Bill Gates’s hot book picks of 2017
The world’s second
richest man reads about 50 books a year, but few make it to his annual
shortlist. Here are his five favourites
ENERGY AND CIVILIZATION: A
HISTORY by Vaclav Smil
Gates has read nearly all of Smil’s 37 books,
including his latest one, which makes the case that energy consumption and
economic growth are undeniably linked.
The book explores how energy — from donkey-powered
mills to renewable power sources — has shaped societies throughout history.
“Yes, our history has a lot to do with kings and
queens and games of thrones,” Gates wrote on his blog. “Smil shows that it has
even more to do with energy innovation.”
THE SYMPATHIZER by Viet Thanh
Nguyen
Nguyen’s Pulitzer-winning, historical fiction novel
is about a Vietnamese double agent who spies on a refugee community in Los
Angeles on behalf of the North Vietnamese government.
The book offers insight into what it was like to be
caught between the two sides of the Vietnam War, according to Gates.
“Nguyen doesn’t shy away from how traumatic the
Vietnam War was for everyone involved. Nor does he pass judgment about where
his narrator’s loyalties should lie.
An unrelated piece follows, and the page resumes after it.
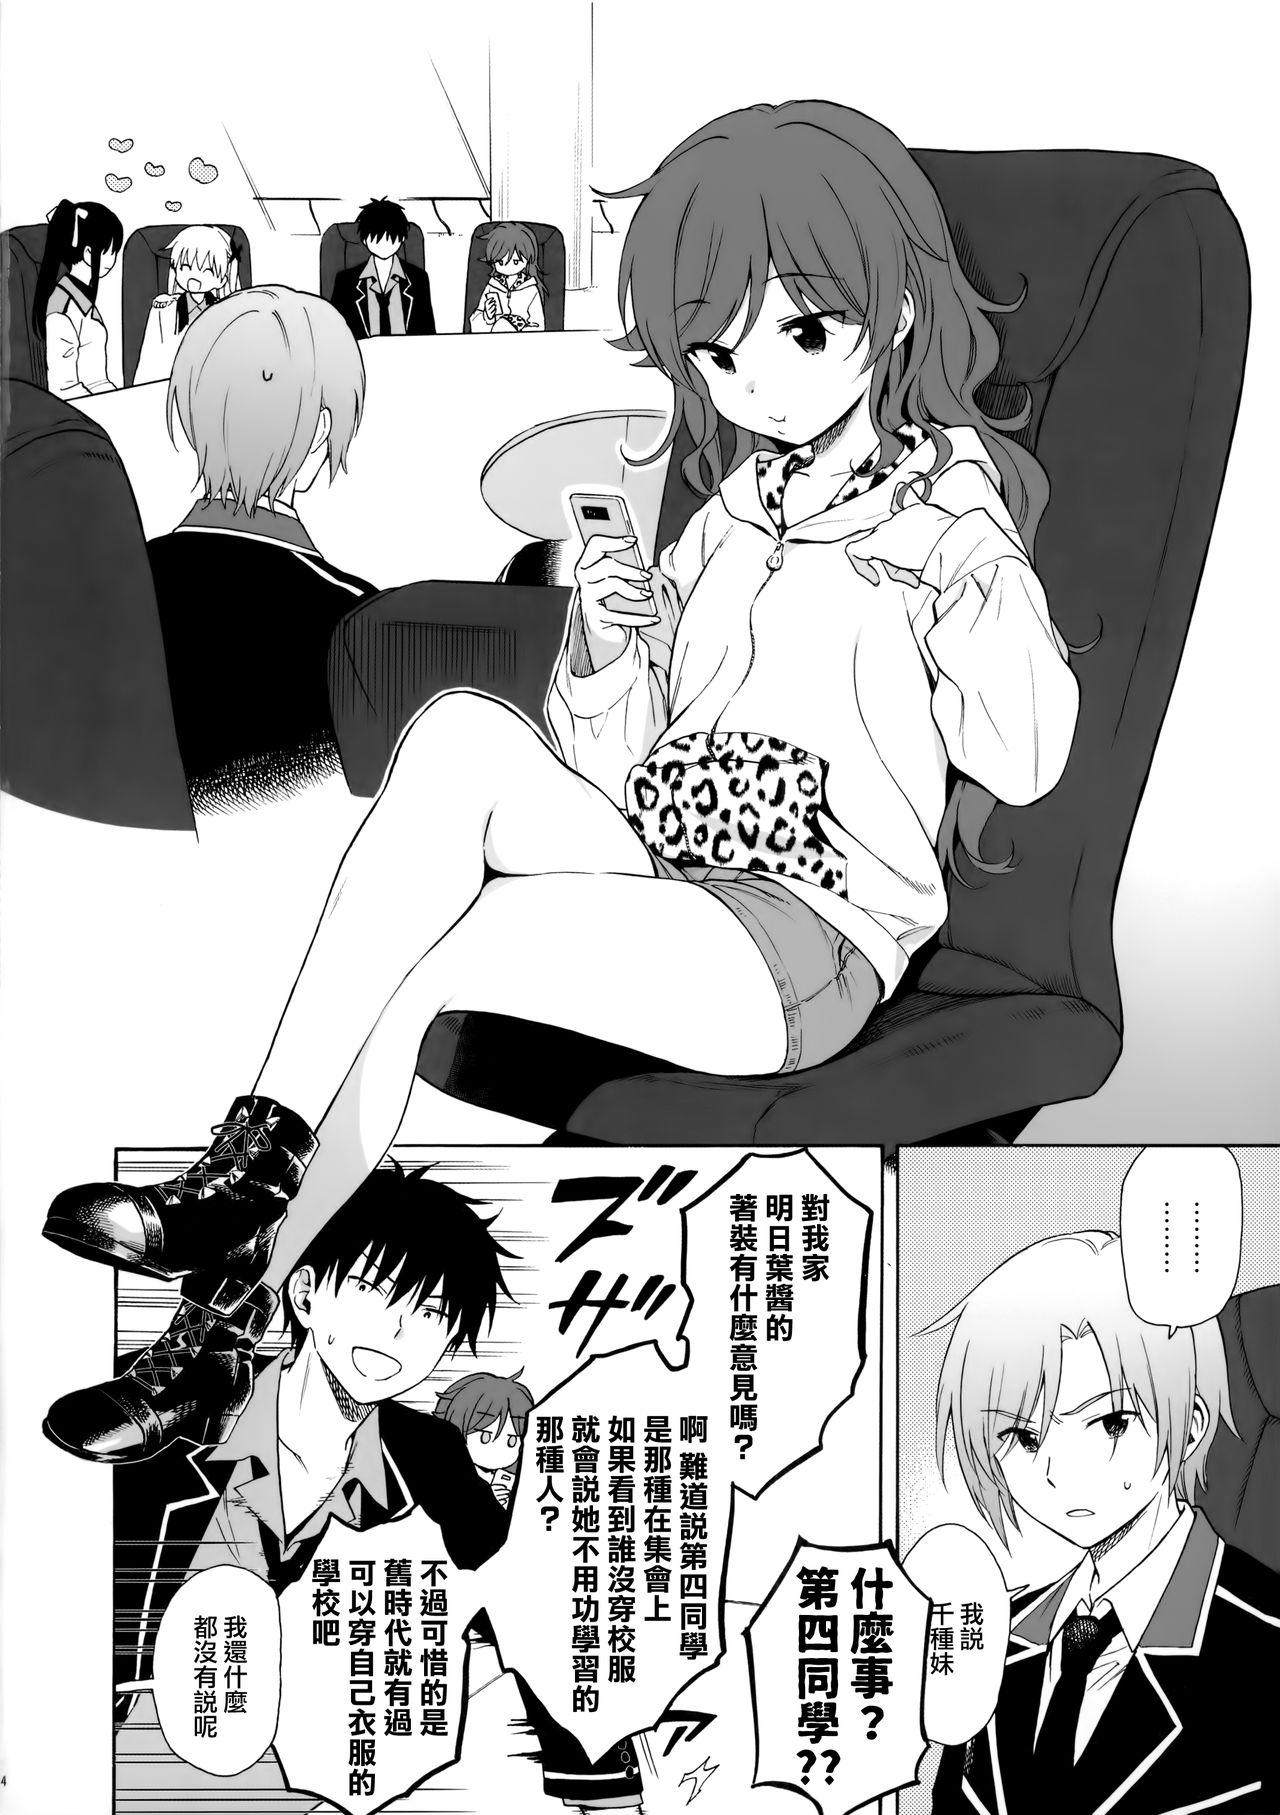 Amature Allure Imouto Manual - Qualidea code Gay Outdoors - Page 4

Most war stories are clear about which
side you should root for – The Sympathizer doesn’t let the
reader off the hook so easily,” he wrote.
BELIEVE ME: A MEMOIR OF LOVE,
DEATH, AND JAZZ CHICKENS by Eddie Izzard
In this memoir, Izzard writes about how he worked
through his childhood struggles, learned new skills, and became a worldrenowned
comedian, actor, writer, runner, and activist. Gates said he connected with
Izzard even though it would appear they have nothing in common. But that might
be the very point the author is trying to communicate, Gates noted.
“I’ve recently discovered that I have a lot in common
with a funny, dyslexic, transgender actor, comedian, escape artist, unicyclist,
ultra-marathoner, and pilot from Great Britain. Except all of the above,” Gates
said. “We’re all cut from the same cloth. In his words, ‘We are all totally
different, but we are all exactly the same.’”
EVICTED: POVERTY AND PROFIT IN
THE AMERICAN CITY by Matthew Desmond
Gates called this book a “searing portrait of
American poverty.” Desmond, a sociologist at Princeton University, spent 18
months living in two highpoverty neighbourhoods in Milwaukee, Wisconsin — one
mostly white, the other mostly black — and documented the lives of residents,
including landlords and renters.
Gates said it was easy to empathise with the
subjects, since Desmond helps you understand why they make their choices.
THE BEST WE COULD DO by Thi Bui
This autobiographical graphic novel follows the
daughter of Vietnamese refugees who came to the United States after the fall of
Saigon in 1975. She learns a heartbreaking truth about the sacrifices her
parents made for her and her siblings, as well as the turmoil created by French
and American occupation in Vietnam. “I thought she did a great job capturing
how daunting it feels to be responsible for your family,” Gates wrote.